Tommy, this is Frank. So the plan right now, leaving aside divestitures for the moment, the plan right now is we did $3 billion of term debt in December. We will probably take more cash off the balance sheet than we normally do in a given year to also partially fund and then the balance we intend to do in the commercial paper market. We've had our debt ratings now reaffirmed by Moody's. S&P had done it right from the get-go. So it will be a combination of the $3 billion term debt. Cash on the balance sheet beyond what's on the balance sheet as a function of having done the term debt and then commercial paper.
If there is a divestiture and there's no major divestiture in flight right now. But obviously, if there's any divestiture, those proceeds will go towards the cash portion of the purchase.
Last question today will come from Jeff Sprague with Vertical Research Partners. Please go ahead.
I'll make it one question because my second was about divestitures, which Frank just addressed. I will -- I'm just wondering if you could give us a little color on actually labor cost and the inflation that you're dealing with. I would assume most of the inflation is in the U.S., but I'm curious if it's spreading to other parts of the world. And can you give us any color on labor as a percent of your COGS or some other framework to think about it?
Okay. Yes. This is Ram, Jeff. First off, from an inflation perspective, you're right, U.S. inflation is probably the biggest portion of the inflation, but we have seen inflation in Mexico as well. Mexico, frankly, Jan 1, they increased minimum wage, entry-level wage by 22%. And frankly, this is 1 of 4 minimum wage increases we've seen in Mexico since 2019. So there's issues outside of the U.S. as well, but majority of the inflation is in the U.S. And in our larger compressor plant, for example, we've seen wage inflation, particularly entry-level wages go up by 20% to 25% over a couple of steps. We've had to do that to remain competitive and have the labor availability to work down our backlog. So that's the extent. Normal inflation in some of the other markets we operate, China inflation, India inflation, Europe inflation. Nothing abnormal, normal levels of inflation in those markets. So the abnormal levels we're seeing are particularly in the U.S. and some, Mexico.

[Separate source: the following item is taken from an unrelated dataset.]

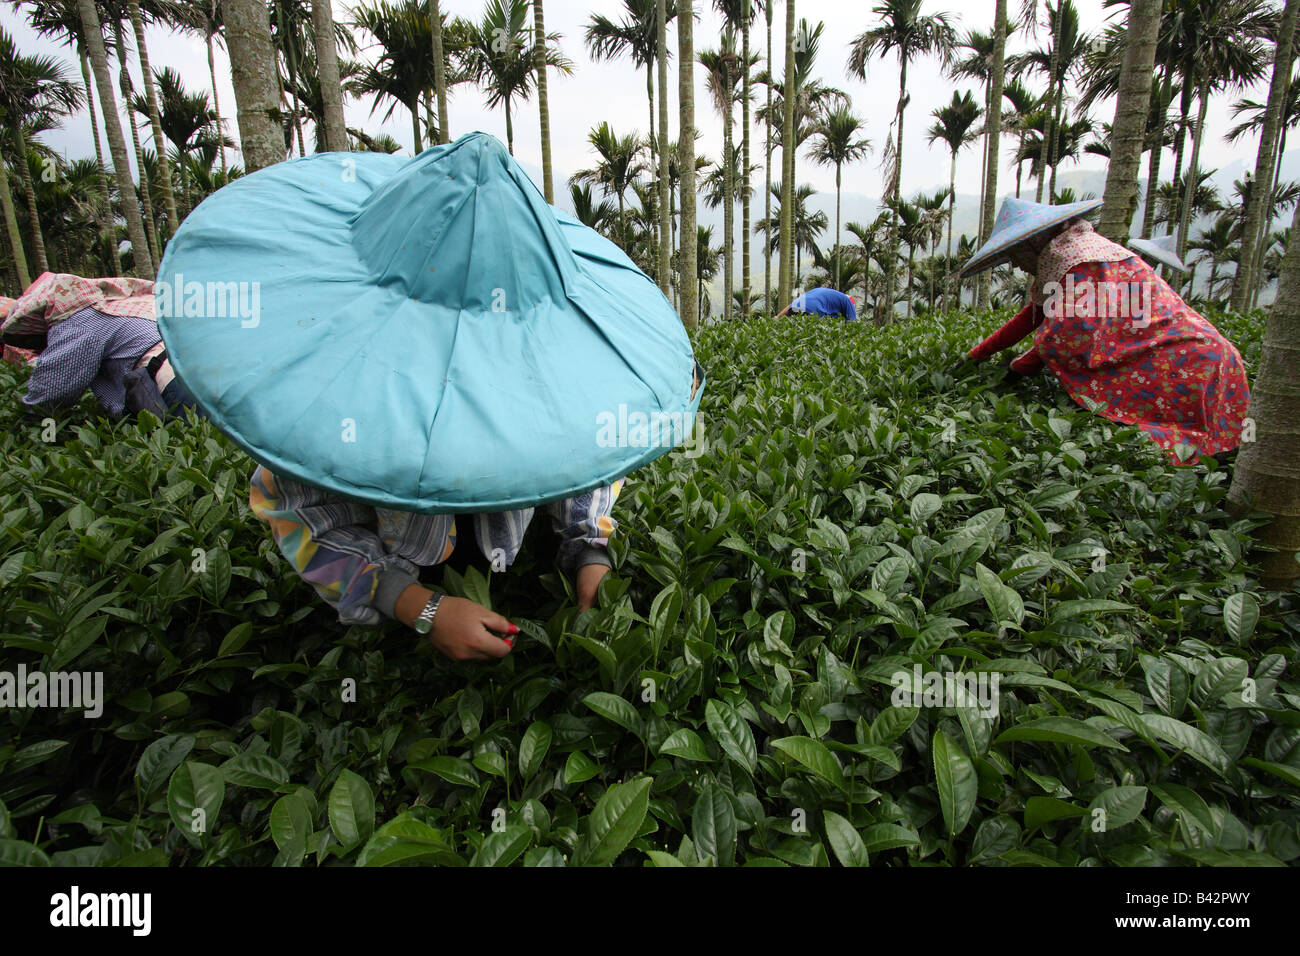 Tea pickers in Taiwan Stock Photo

And can you size labor as a percent of COGS, maybe Frank?
DL is about 9 -- high single digits...
Obviously, a little higher in Climate Tech & Commercial Residential and a little lower in Automation Solutions, but high single digits on the profit waterfall as a percent of sales.
Ladies and gentlemen, this will conclude our question-and-answer session, and this will also conclude the conference. Thank you for attending today's presentation. You may now disconnect.